Tag cloud consists in a layered plot of words where font size is proportional to word’s frequency. The challenge is to arrange each element in a coherent and elegant layout. Nowadays, tag clouding is available in many SDKs, including Google Viz. API, see WordCloud. However, few offer the quality that is found using on-line generator like Many Eyes or Wordle.
Here are some examples I’ve built myself, although I’ve tried many layouts and fonts.
Recently, I came across the website of Yihui Xie (who creates the R animation
package) and its wonderful tag could in Flash.
Here are the solutions I tested within R. First, using the cloud()
function in the snippets
package (available on R-Forge).
library(snippets)
txt <- tolower(scan("all_cut.txt", what="character"))
# filter some irrelevant tokens
txt <- gsub("([.]|[()/]|[0-9]*)","",txt)
# remove infrequent word or of length < 4
txt <- txt[nchar(txt)>3]
wt <- table(txt)
wt <- log(wt[wt > 8])
cloud(wt, col = col.br(wt, fit=TRUE))
Then I tried to arrange the (x,y) layout, by randomly assigning words to distinct spatial locations.
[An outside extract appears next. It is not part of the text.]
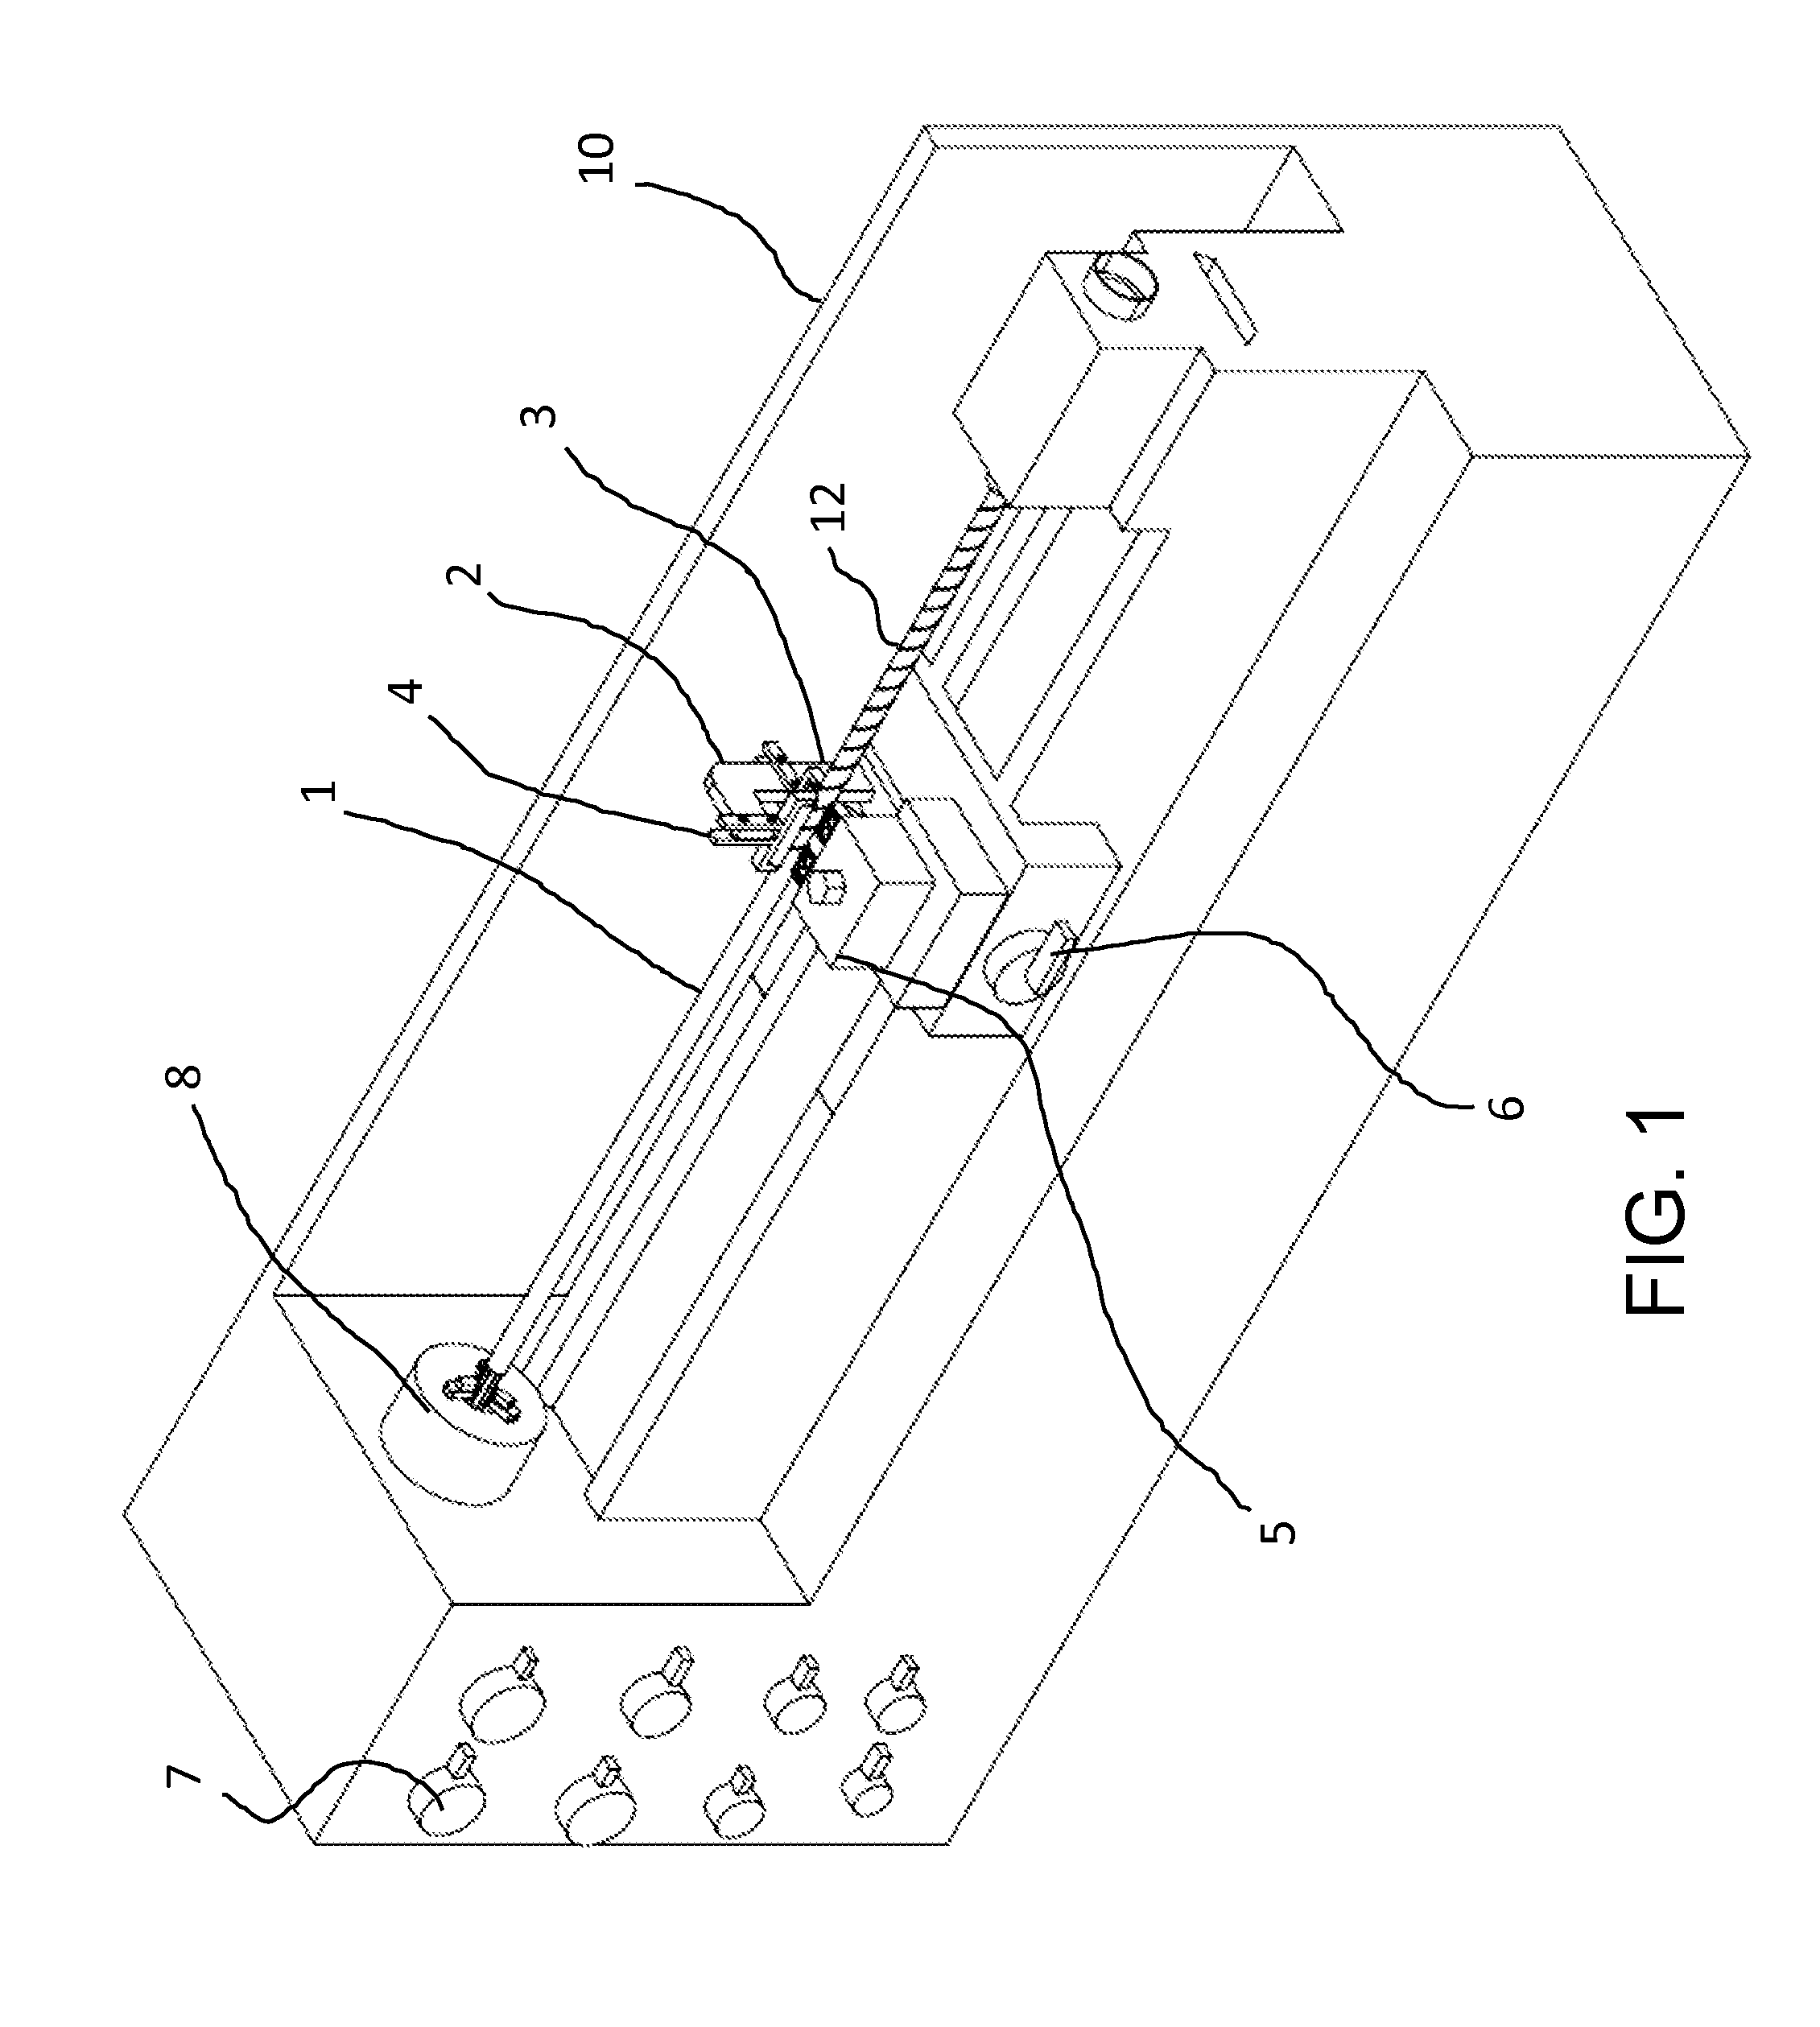 Method and apparatus for cutting one or more grooves in a cylindrical element

I also tried a 3D layout, where words lie on a sphere:
library(ggplot2)
xy <- as.data.frame(cbind(replicate(2, runif(length(wt))),as.numeric(wt)))
dimnames(xy) <- list(names(wt),c("x","y","freq"))
theme_set(theme_bw())
p <- ggplot(xy, aes(x=x, y=y, label=rownames(xy), col=exp(freq)))
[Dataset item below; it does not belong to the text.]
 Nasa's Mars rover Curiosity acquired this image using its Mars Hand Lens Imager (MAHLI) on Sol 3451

p + geom_text(fontfamily='Fontin') + xlim(c(-.2,1.2)) + ylim(c(-.2,1.2)) +
labs(x=NULL, y=NULL) + opts(panel.border=theme_blank(),
panel.grid.major=theme_blank(), axis.ticks=theme_segment(size=0),
axis.text.x=theme_text(size=0), axis.text.y=theme_text(size=0),
legend.position="none")
Graphics and animation rely on the rgl
package. Color palette reflects actual word’s frequency and the (x,y,z) coordinates are computed very crudely using this function:
set.coord <- function(char) {
n <- length(char)
x <- y <- z <- numeric(n)
for (i in 1:n) {
alpha <- runif(1, 0, 2*pi)
beta <- runif(1, 0, 2*pi)
x[i] <- radius*(-cos(alpha))*sin(beta)
y[i] <- radius*cos(beta)
z[i] <- radius*sin(alpha)*sin(beta)
}
return(list(x=x,y=y,z=z))
}
The algorithm originally used at http://www.wordle.net/ is described by the author himself in a reply to a post on stackoverflow. Basically, it is implemented using Java API as follows:
place the word where it wants to be
while it intersects any of the previously placed words
move it one step along an ever-increasing spiral
Here is a short and lighter implementation using Nodebox.
Finally, I realized that there is a huge amount of discussion on how to best represent tags, or more generally how tagging information can be used to display useful information about web traffic, text content, but see this post. In the same vein, such approach may be used to reproduce Ishihara’s plates, but see Ishihara color test.